There is a recent report circulating the web that allegedly comes from a Canon Explorer of Light. The unnamed (of course) Explorer of Light claims that Canon's goal is for the Canon EOS R1 is for it to be equipped with an 85mp+ sensor, 24fps mechanical RAW burst and a big bump in sensor dynamic range. All of this sounds terrific, but we don't think these sorts of things would be known right now outside of the labs and meeting rooms at Canon.

A good source also reached out last week and told us that the Canon EOS R1 may not see the light of day until the 2024 Summer games in Paris, France. If that's the case, we expect Canon to start talking about the camera some months before the games begin.

The “halo” or “flagship” product for a line is rarely a big money maker, just based on economies of scale, and we think that Canon is probably more interested in getting new high-volume products to market.

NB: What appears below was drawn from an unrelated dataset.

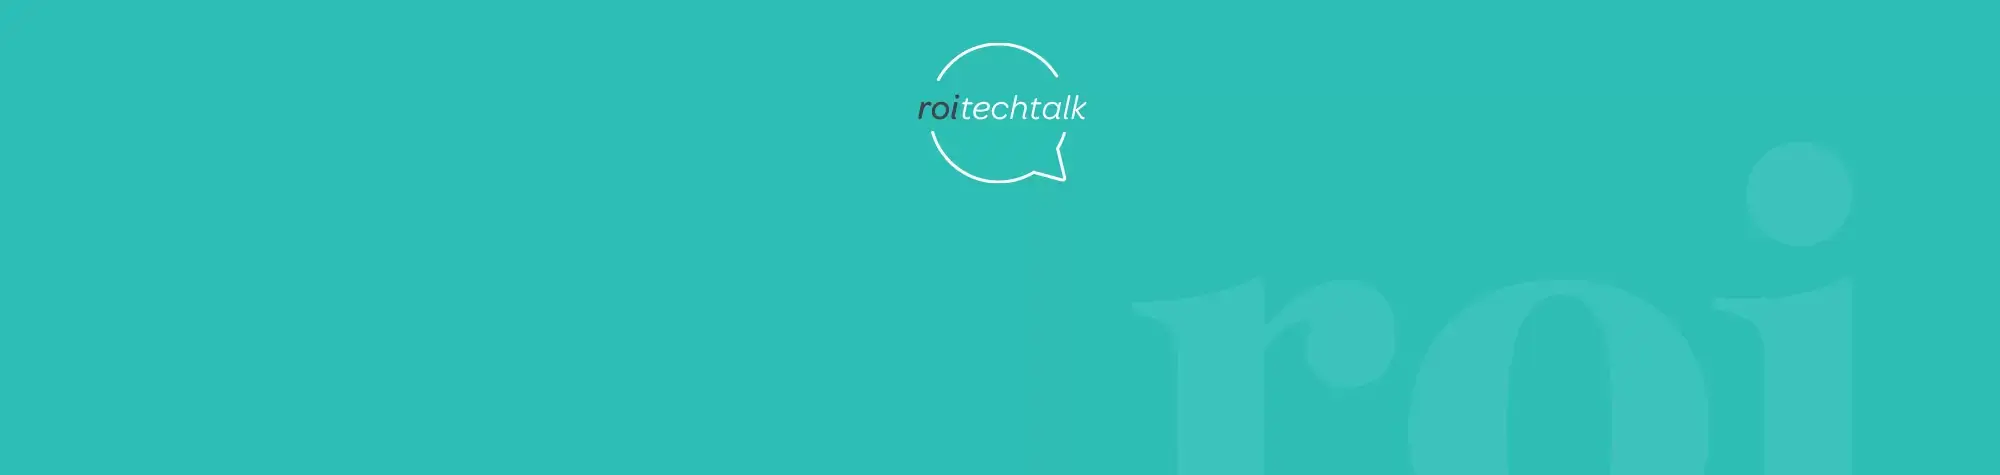 ROI Tech Talk
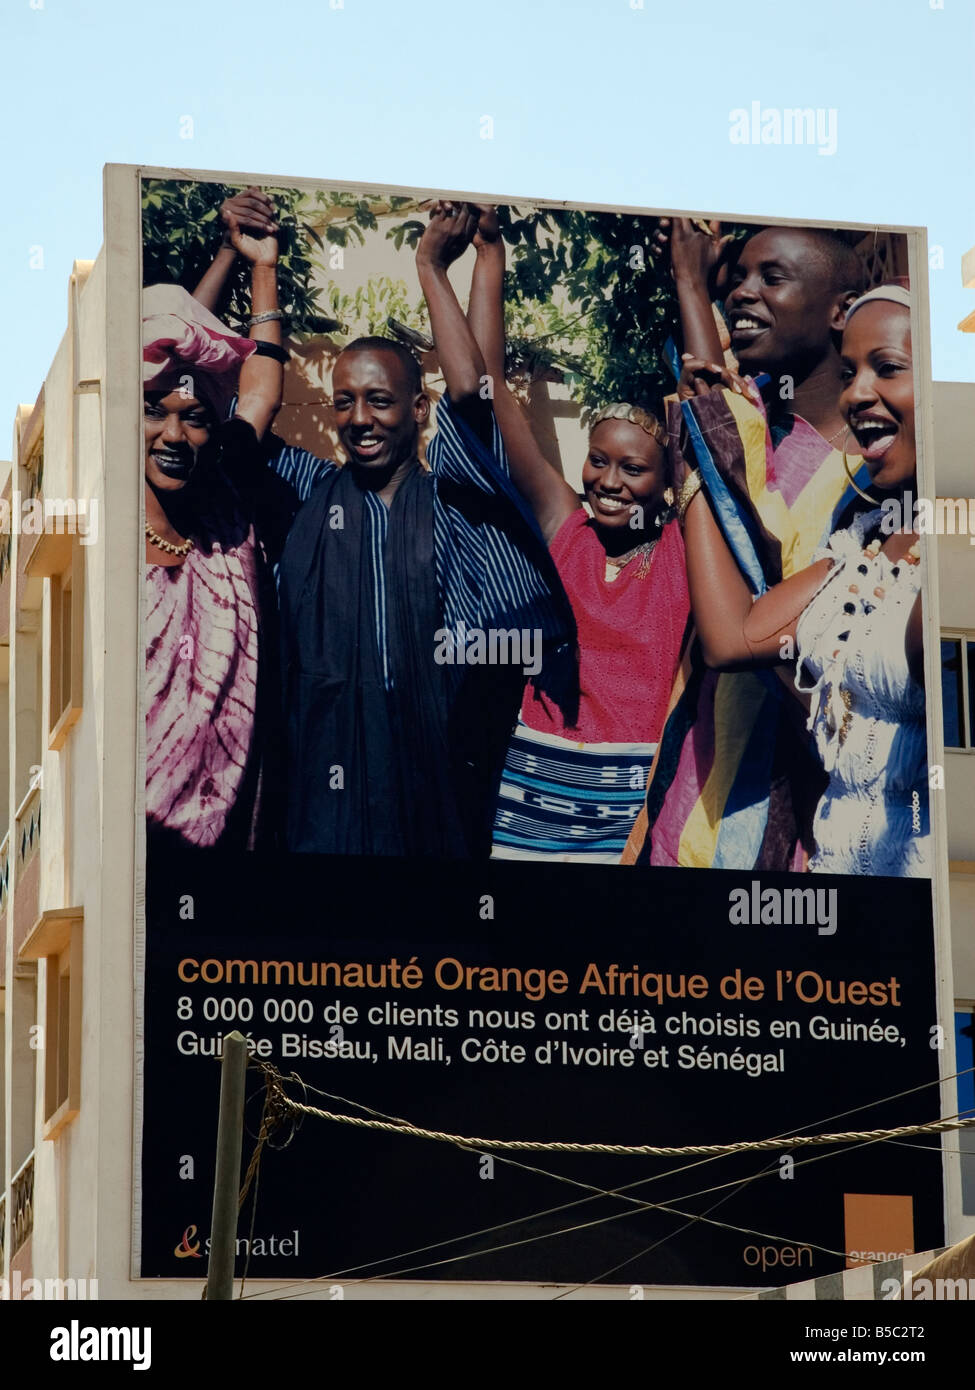 télécommande orange noire - Page 2 - Communauté Orange

The lower end of the full-frame EOS R system will need to be addressed in the next 6-12 months and there are also gaping holes in the RF lens lineup to be addressed.

We also wouldn't be shocked to see a Canon EOS R5 S announced well before the EOS R1.

While us gear nerds love to talk about the best of the best and all that it can do, that really isn't a good representation of the industry as a whole.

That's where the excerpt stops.